Today’s violence in Egypt is claiming hundreds of lives, worsening the country’s already dire political crisis and putting the United States in a quandary.

It’s also another chapter in a years-long story that can be difficult to follow even for those of us glued to it. You might have found yourself wondering what Egypt’s crisis is all about, why there’s a crisis at all, or even where Egypt is located on the map.

Admit it, and fire up your questions: not everyone has the time or energy to keep up with big, complicated foreign stories.

This story is important and critical.  Here are samples of the most basic answers to your most basic questions.

First, a disclaimer: Egypt and its history are really complicated; this is not an exhaustive account of that entire story, just some background, written so that anyone can understand it.

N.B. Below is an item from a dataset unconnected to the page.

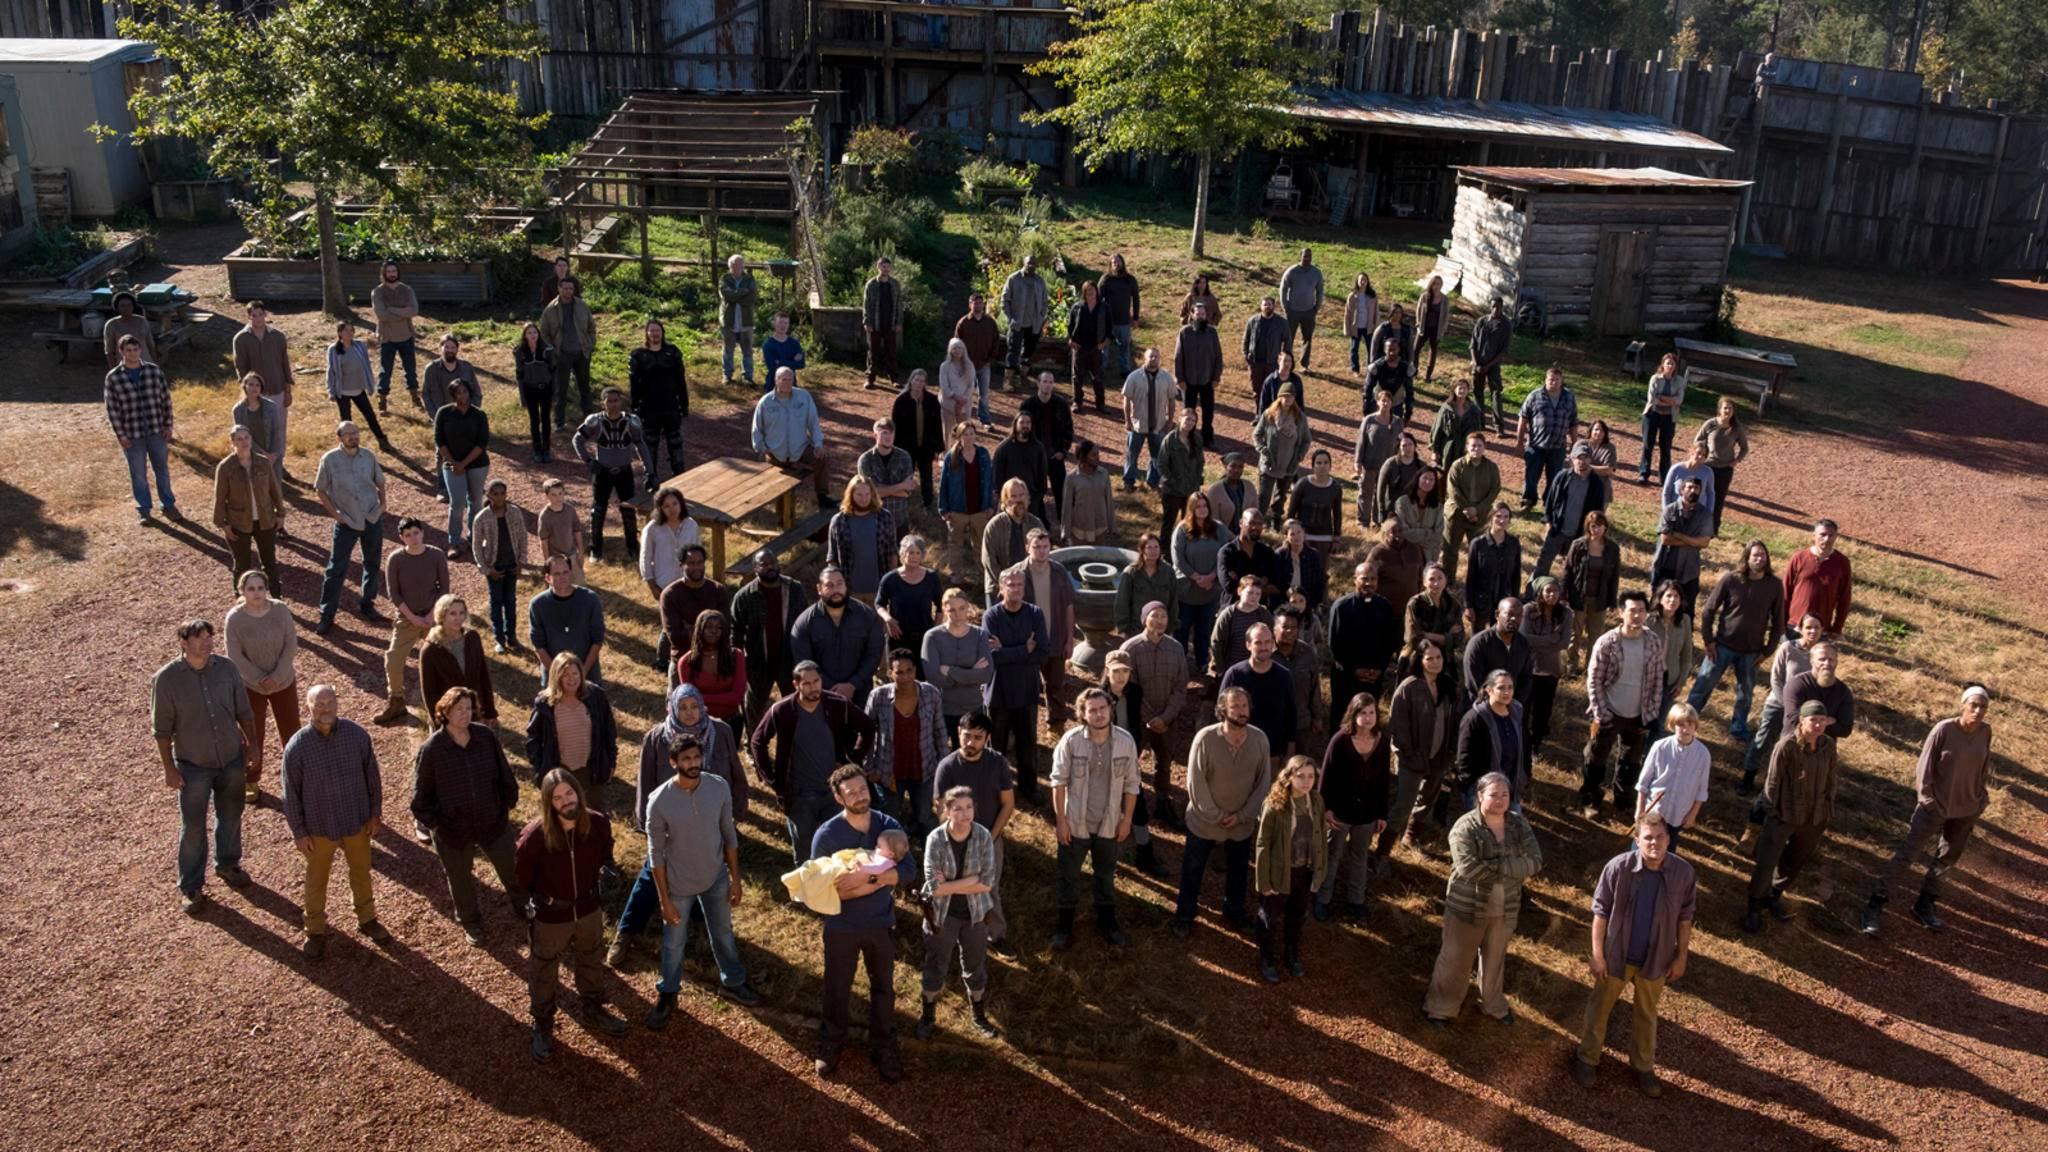 """Die Gruppe wächst: Ein neuer Castingaufruf für Staffel 9 kündigt zwei wichtige """"The Walking Dead""""-Figuren an."""

Max Fisher published this August 14, 2013 in The Washington Post World Views (with slight editing):

9 questions about Egypt you were too embarrassed to ask

(Laris Karklis/Washington Post)

(Laris Karklis/The Washington Post)

1. What is Egypt?

Egypt is a country in the northeastern corner of Africa, but it’s considered part of the Middle East. It’s about the size of Texas and New Mexico combined and has a population of 85 million. Egyptians are mostly Arab and mostly Muslim, although about 10% are Christian Copts. Egyptians are very proud of their history and culture; they are among the world’s first great civilizations.

You might have heard of Egypt from its ancient pyramids and Sphinx, but Egyptians are still changing the world today. In the 20th century, they were in the forefront of the founding of two ideological movements that reshaped – are still reshaping, at this moment – the entire Middle East: Arab nationalism and Islamism.

2. Why are people in Egypt killing each other?

There’s been a lot of political instability since early 2011, when you probably saw the footage of a million-plus protesters gathered in Cairo Tahrir Square (Liberation) to demand that the president of 30 years, Hosni Mubarak, step down.

Mubarak did and that opened up a big power struggle that hasn’t been anywhere near resolved. It’s not just people at the top of the government fighting among one another, it’s lots of regular people who have very different visions for where they want their country to go.

Today is the latest round in a two-and-a-half-year fight over what kind of country Egypt will be. Regular people tend to express their political will by protesting (keep in mind that democracy is really new and untested in Egypt), and because Egyptian security forces have a long track record of violence against civilians, the “fight for Egypt’s future” isn’t just a metaphor. Often, it’s an actual physical confrontation that happens on the street.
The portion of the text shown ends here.